如果说英国要制定一般反避税规则,从加拿大和新西兰的经验来看,在许多情况下税收
法律审查委员会所确定的这一问题通常会得到解决,而且对纳税人是有利的。审查委员会也
曾指出一般反避税规则试图处理议会无法预测的行动,但同时,议会又使问题复杂化,因为
它认为某些类型的节税是有利的,甚至鼓励能够起到减少纳税义务效果的行为。
加拿大和新西兰的司法经验表明,一般反避税规则并不能从根本上改变司法方法,因此,
必须设计一项具体的鼓励规定以修正纳税人的行为。不过,澳大利亚最近的一般反避税规则
经验表明,澳大利亚高等法院没有遵循反避税法。哈特案(见 5.6 部分)表明,一般反避
税规则已经被应用到那些被认为是正常的商业交易中去——包括重要的节税方面。
司法方法的作用是至关重要的。

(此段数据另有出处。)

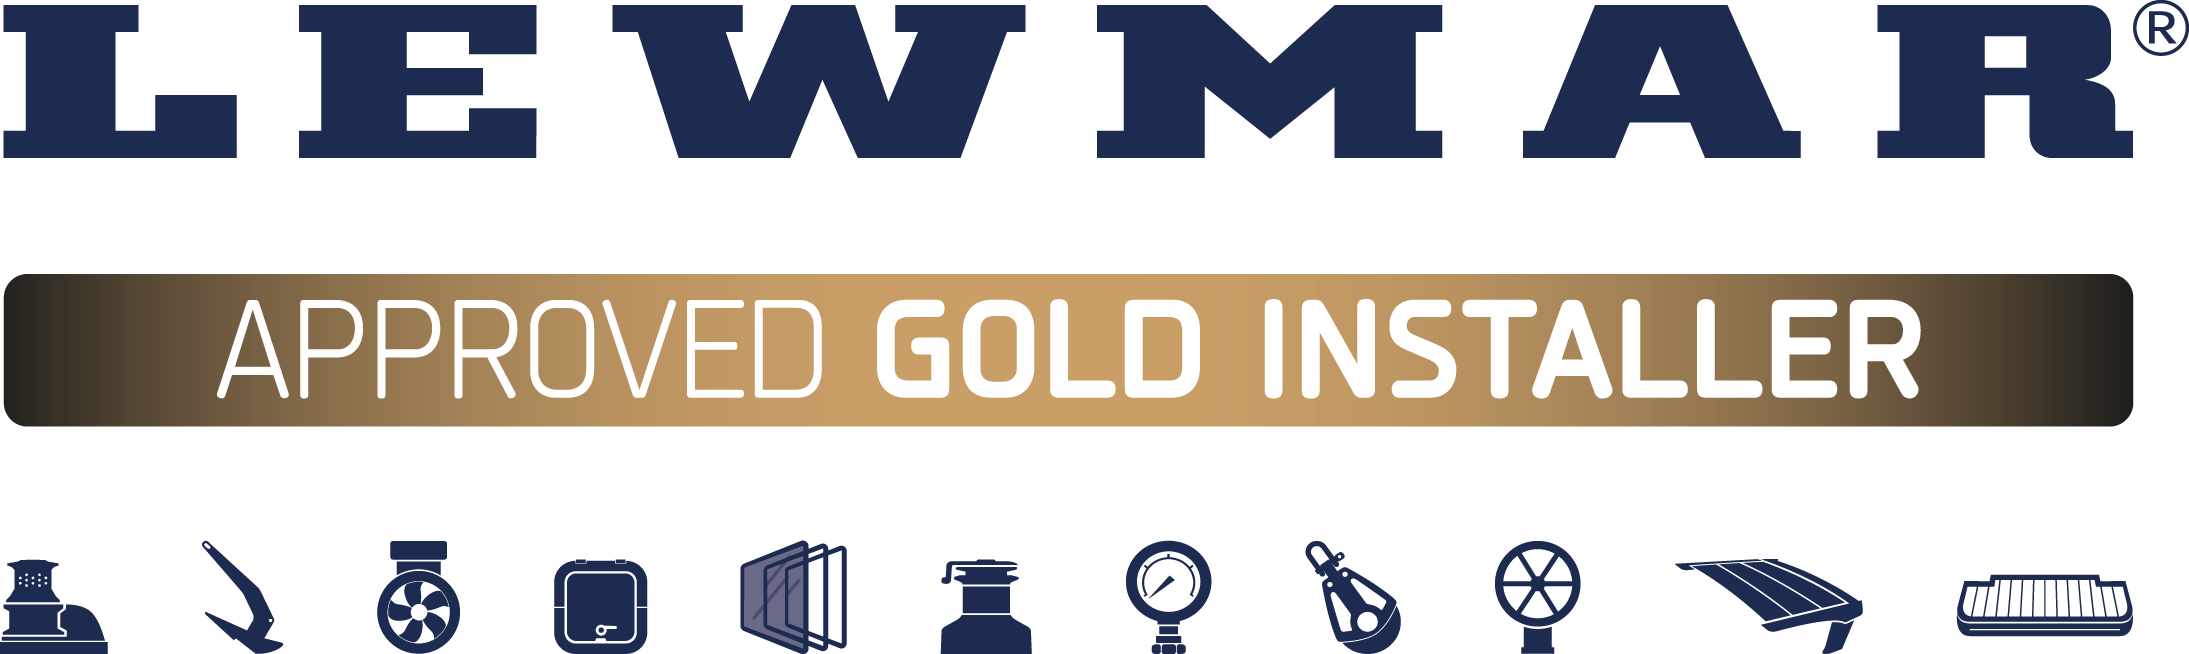 Lewmar Approved Gold Installer

法院可以采用、也可以不采用澳大利亚实行的一般反避
税规则;可以通过文字法或具体目的法来解释税收法规。2005 年,霍夫曼勋爵在结束其演
讲时强烈呼吁要信任司法部门:

在我看来交易在避税方面已经获得了成功,因为它已经巧妙安排回避了议会原想要征的税
款。议会可以表达征税的唯一的一种方法就是如何按照法律征收税收。如果说这就是议会的意
思,那么,就应该给予法院权力以实施其意图。任何其他办法将导致我们陷入危险而且不可预
测的境地。

但是,司法方法上有没有更可取的办法呢?在同一演讲中,霍夫曼勋爵承认,上议院在
WIL 案例中改写了税收历史,因为它选择了解释法——而不是拉姆齐法,来解释税收法规。
他承认,这一做法“给一些人的影响是”有点危险的。
由于这个原因,权衡而言,立法的形式可能更可取。一般反避税规则处理的是司法活动。
从宪法角度看,这一方法要比英国的 WIL 案例前——即无法律效力的财政法案原则更可取。
一般反避税规则执行的是法律法则,因为它授权法院去确定税务筹划的有效性,这有助于规
范司法起草活动,而且比司法更具有预测确定性。